The crack of the Browning had hardly reached her ears before Amaryllis was in the driving-seat. But not for a flicker did she turn her eyes from the business of the moment.

Melchard, with his left hand on his hip and the barrel of the automatic resting on the upturned elbow close to his chin, was on the point of firing again at the very moment when Mut-mut, having reached the top of the ridge, was running back to meet Dick, and Dick, coming down the slope at the best of his prodigious though uneven stride, was within two paces of Melchard's back.

At the sound of his rushing approach, and in the very act of firing, Melchard started. The shot went wide, and the man turned himself and his weapon on the enemy that was nearer even than he guessed.

In the very moment of wheeling about, he received a rugger hand-off on his right jaw, which launched him many yards, sideways down the slope, to land and turn literally heels over head as he fell.

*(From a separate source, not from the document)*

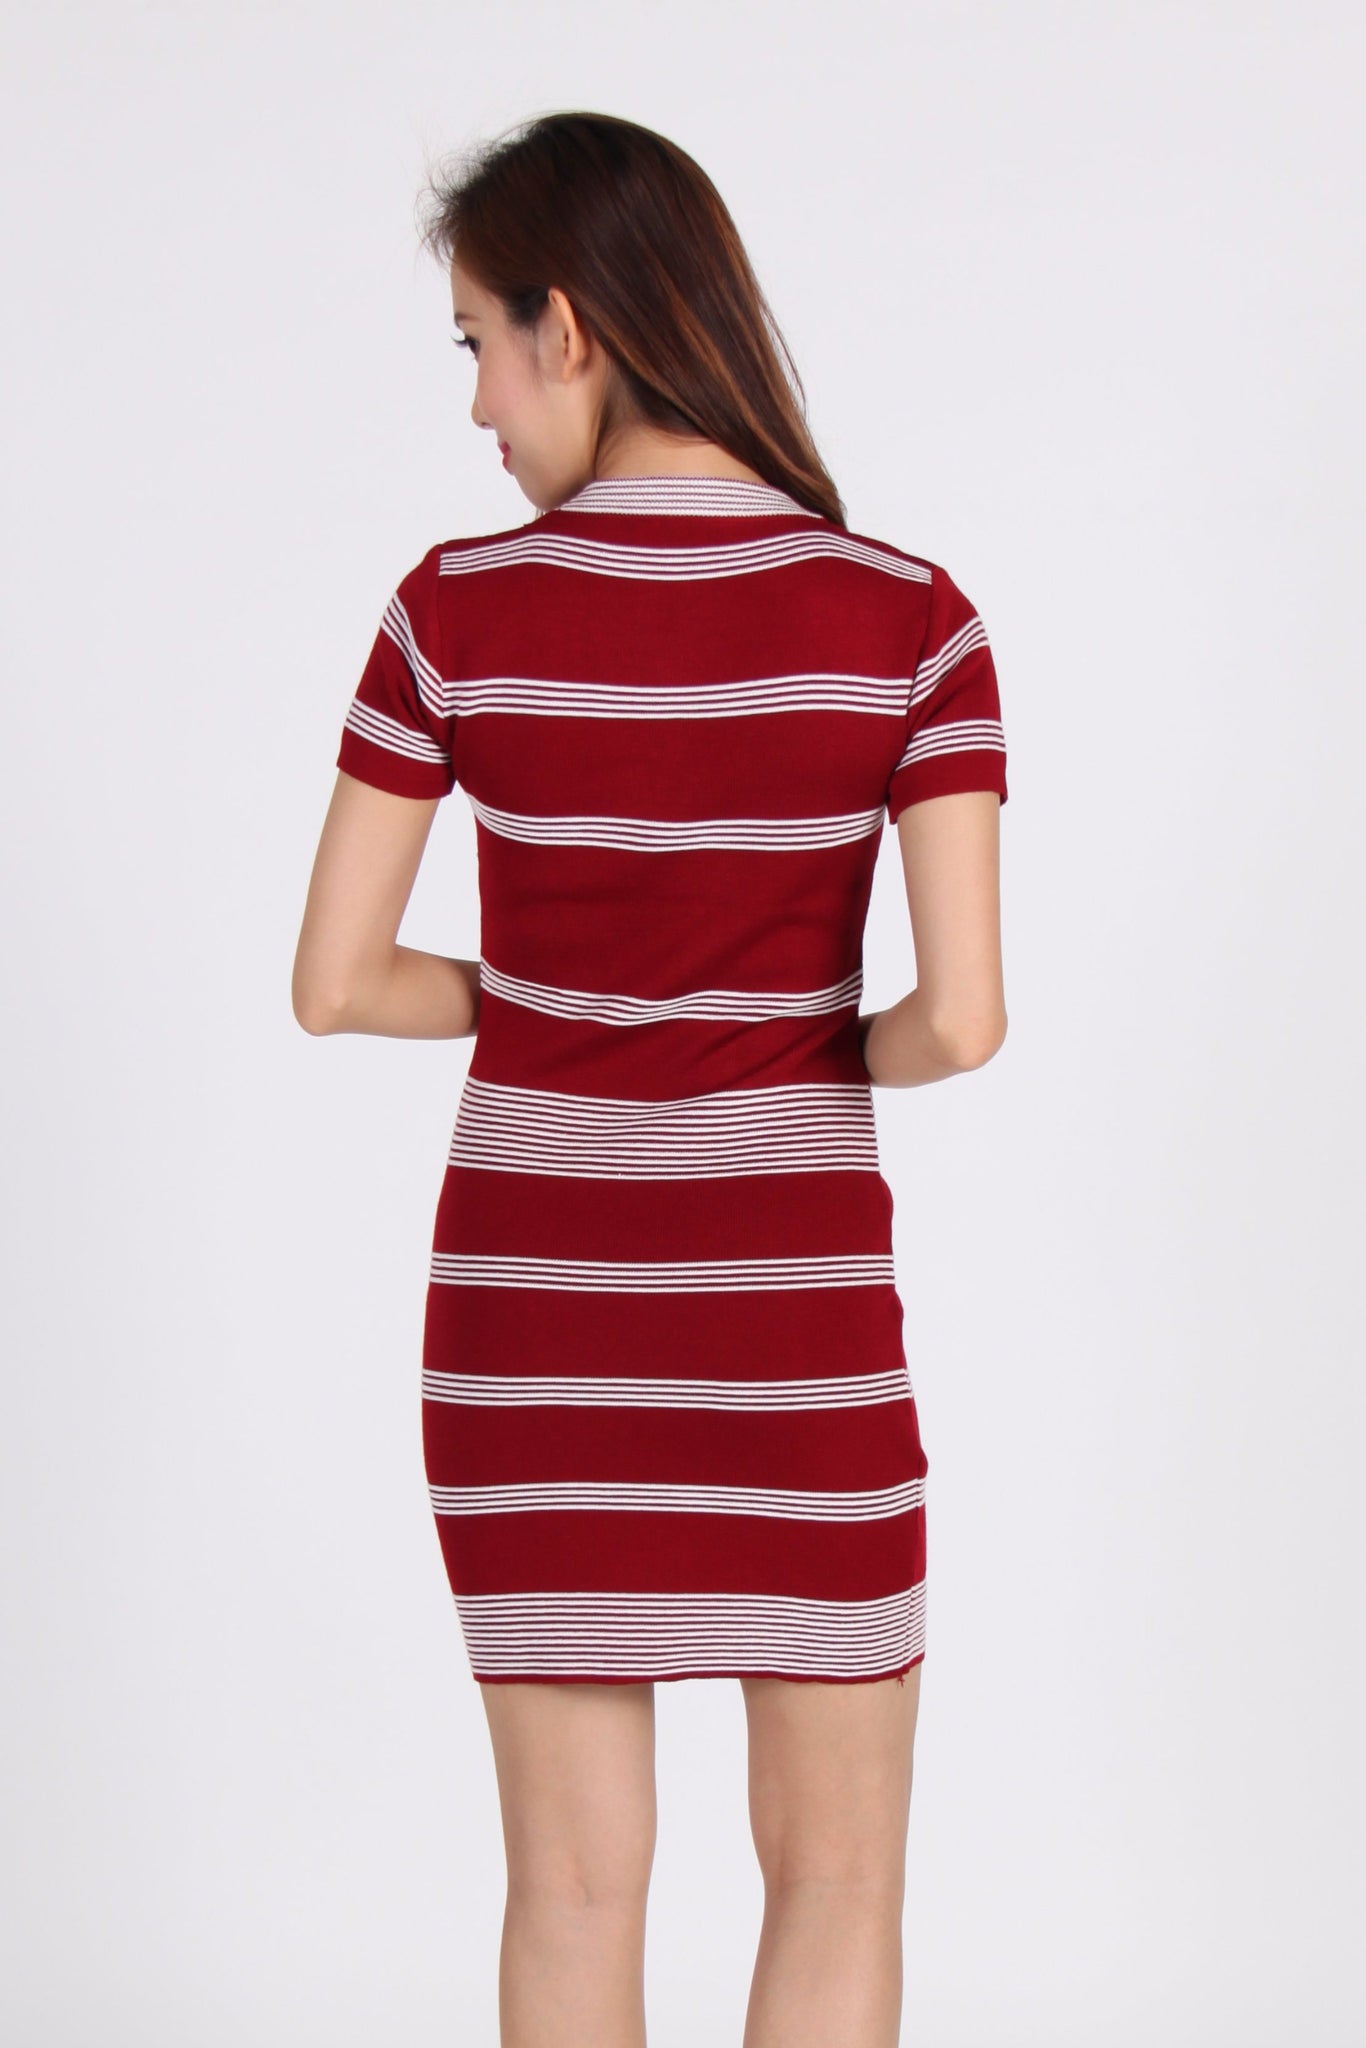 Sleeve Stripes Contrast Bodycon Dress in Maroon

His pistol fell more slowly and further, after describing a wavering arc over his head.

And then Dick Bellamy ran; ran as he had not run since he broke the tape in a certain sprint of four hundred metres at Buenos Ayres, in forty nine and a quarter seconds. But that was when his legs were an equal pair.

Amaryllis saw it all; Mut-mut on the sky-line of the ridge, hesitating; Melchard and his pistol in eccentric parabolas; Dick, with a wisp of black hair over his wounded cheek, "flying," she called it, down the last of the slope, and crossing the level ground to her and the car; a wild man running, she thought, with the pace of a racehorse, and the movement, not of a runaway, but of a winner. "And, oh!" she would say to him afterwards, "your funny eyes! How they blazed!"

Within four strides of the car.

"Let her rip," he grunted, and taking the low door of the tonneau in his stride, landed on the back seat.

The car rushed forward.

Dick looked round him. Melchard was on his feet, bent and searching the long grass and scrub of the lower slope.

"The beast's got some guts," muttered Dick.

Melchard stood erect and began to run towards them, slowly and painfully.

"He's found his gun," said Dick.

A raised arm and a sharp crack proved his words.

"Throw in the top speed," said Dick. "We must go through the Bull's Neck. No cover the other way."

He looked up at the ridge. Mut-mut was not there nor anywhere in sight.